■ **RECORDS TO PROCESS**
────────────────

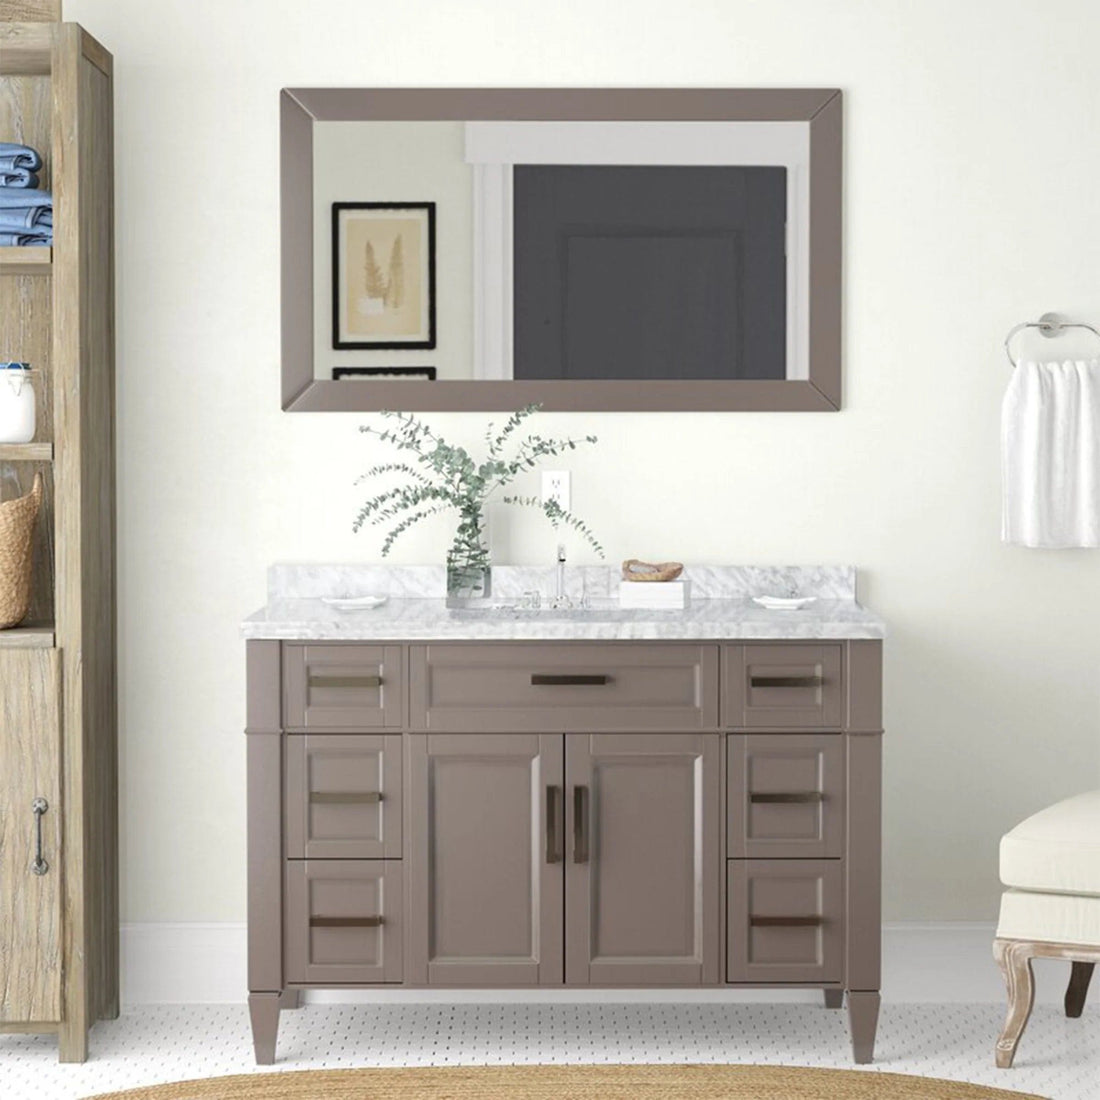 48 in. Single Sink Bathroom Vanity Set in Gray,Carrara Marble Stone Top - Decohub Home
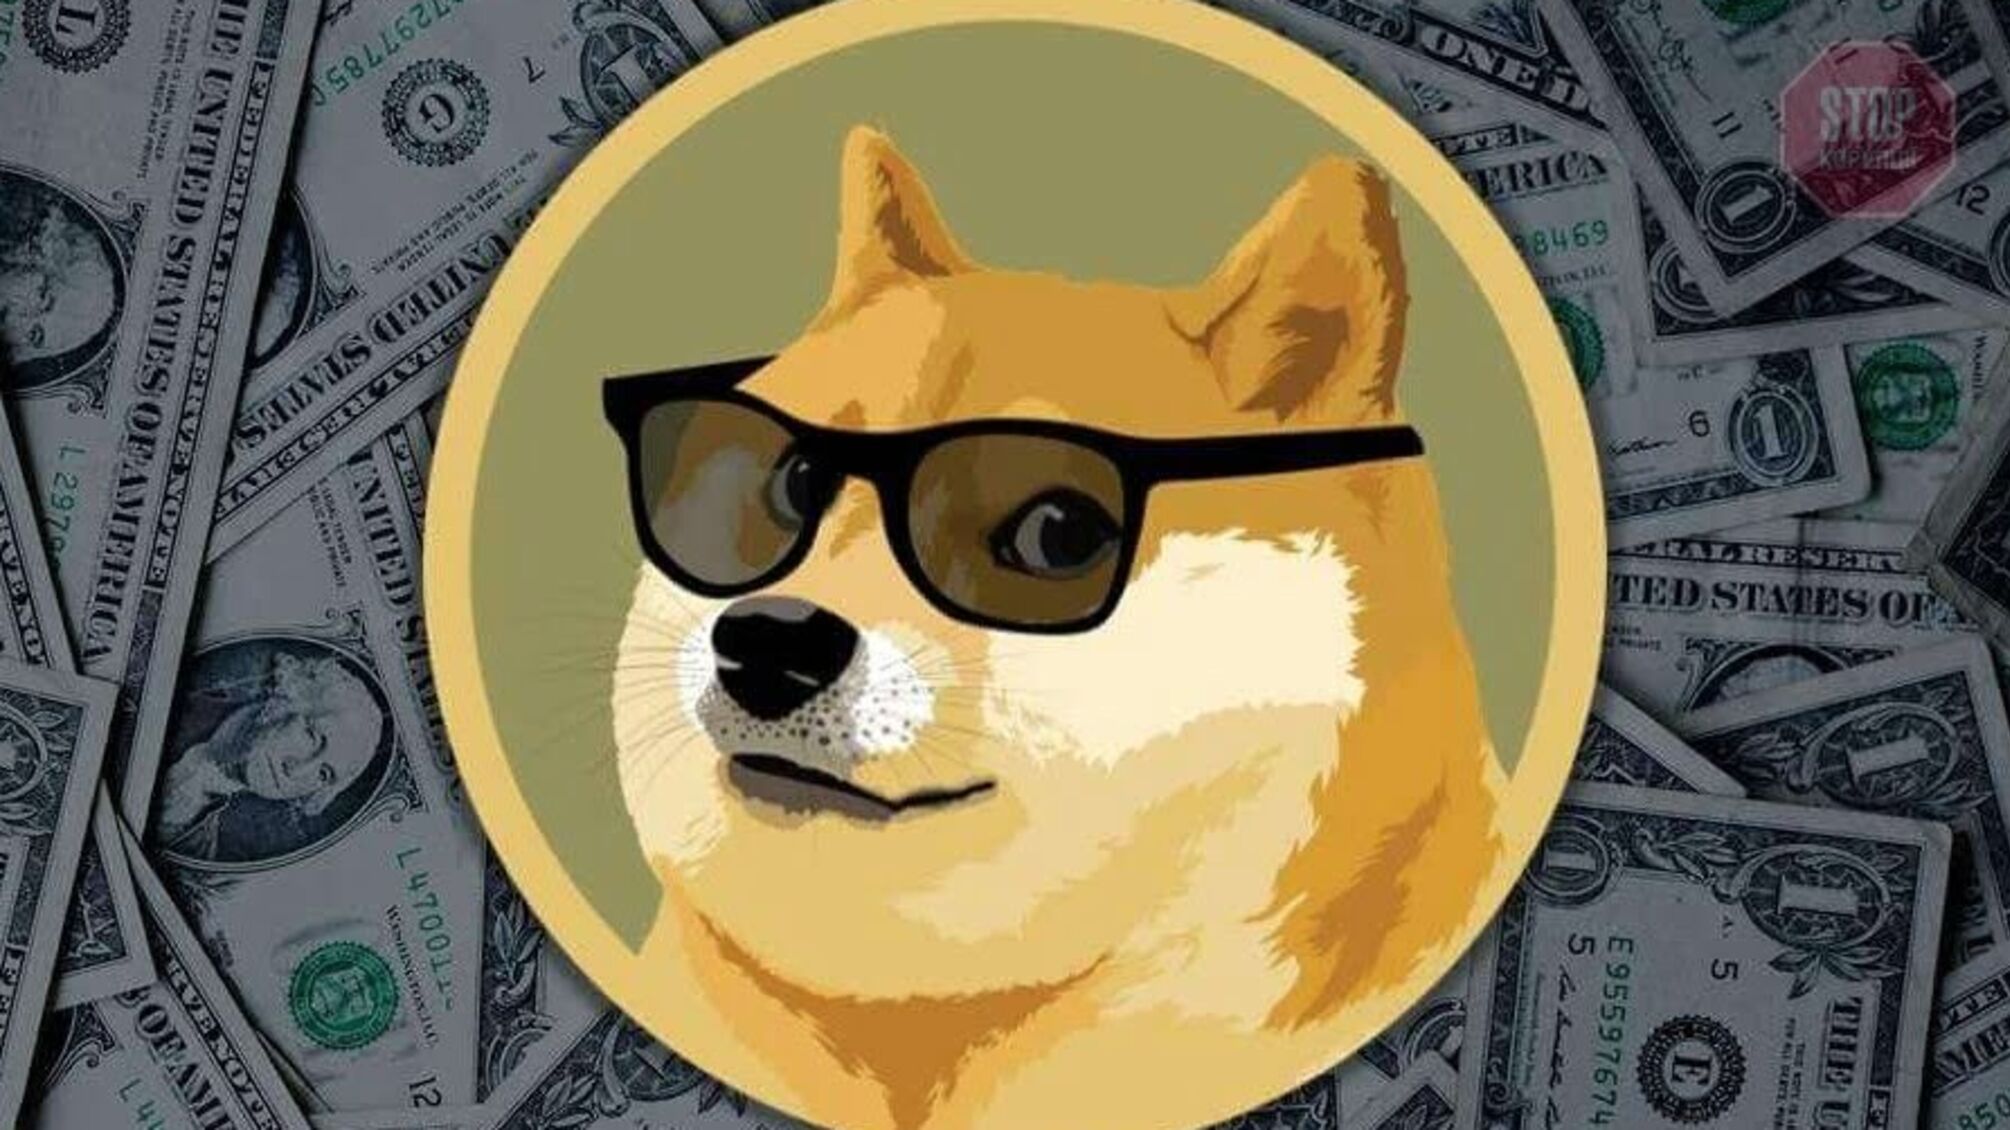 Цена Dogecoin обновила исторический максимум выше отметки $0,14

────────────────

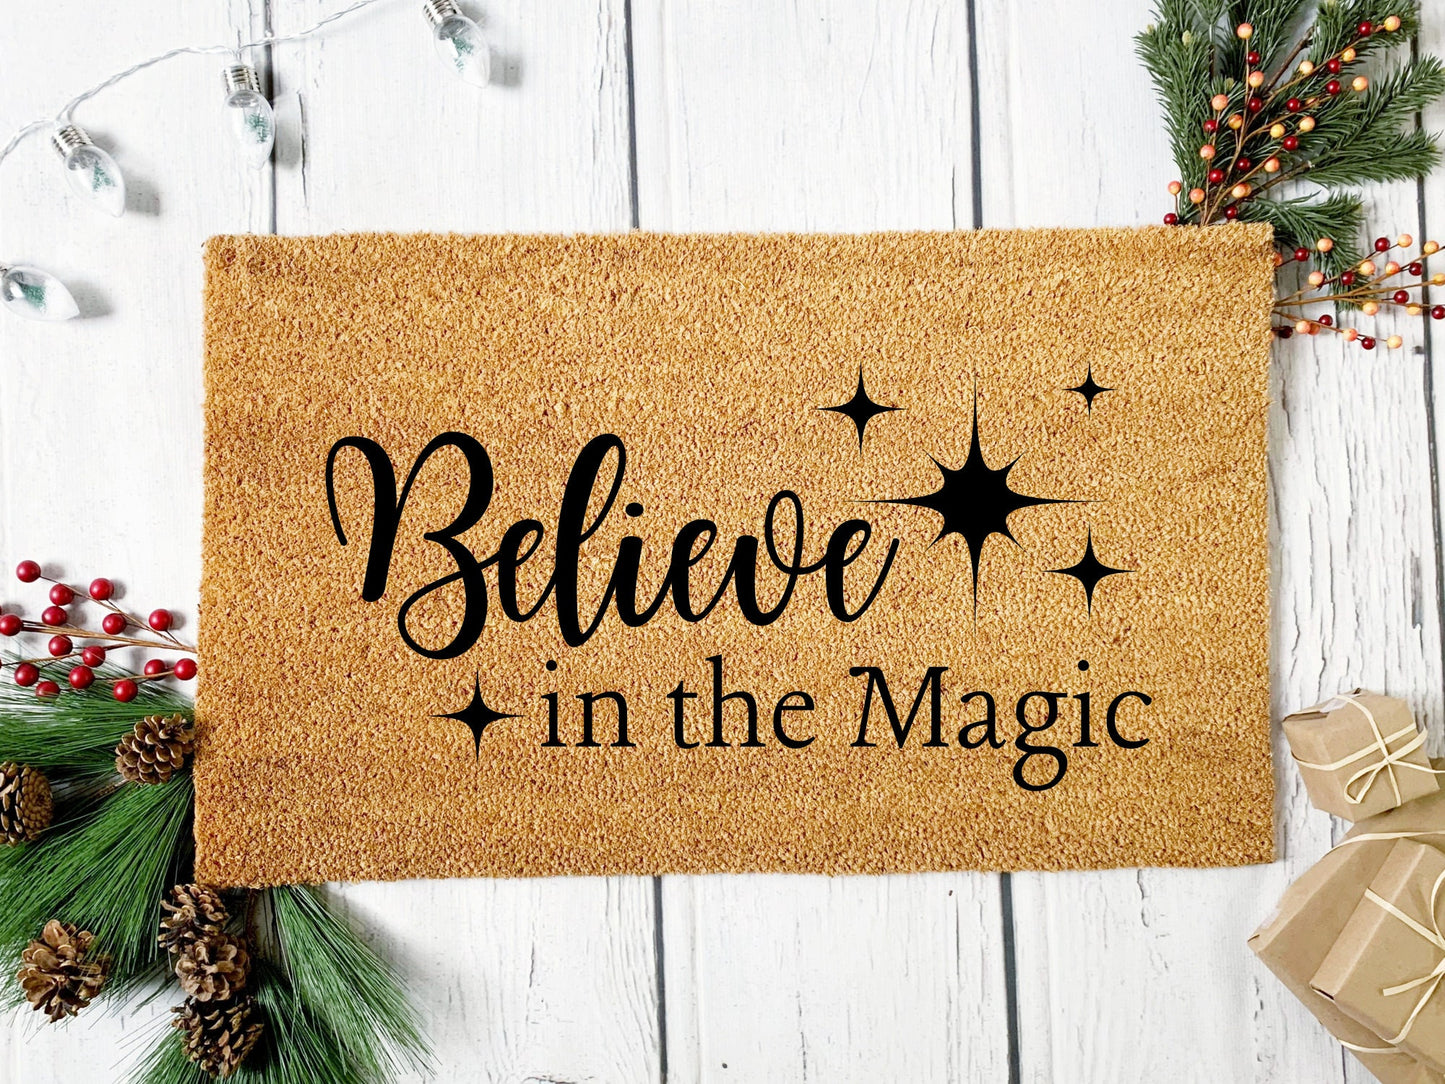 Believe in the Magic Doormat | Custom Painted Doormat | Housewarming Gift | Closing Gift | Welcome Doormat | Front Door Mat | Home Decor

────────────────

■ **ACTION ITEM**
In the entries above, find the line that contains "48 in. Single" and the line that contains "Цена Dogecoin обновила". Reproduce exactly those two lines and every line between them, but not the pictures.

■ **TASK RESULT**
 48 in. Single Sink Bathroom Vanity Set in Gray,Carrara Marble Stone Top - Decohub Home
 Цена Dogecoin обновила исторический максимум выше отметки $0,14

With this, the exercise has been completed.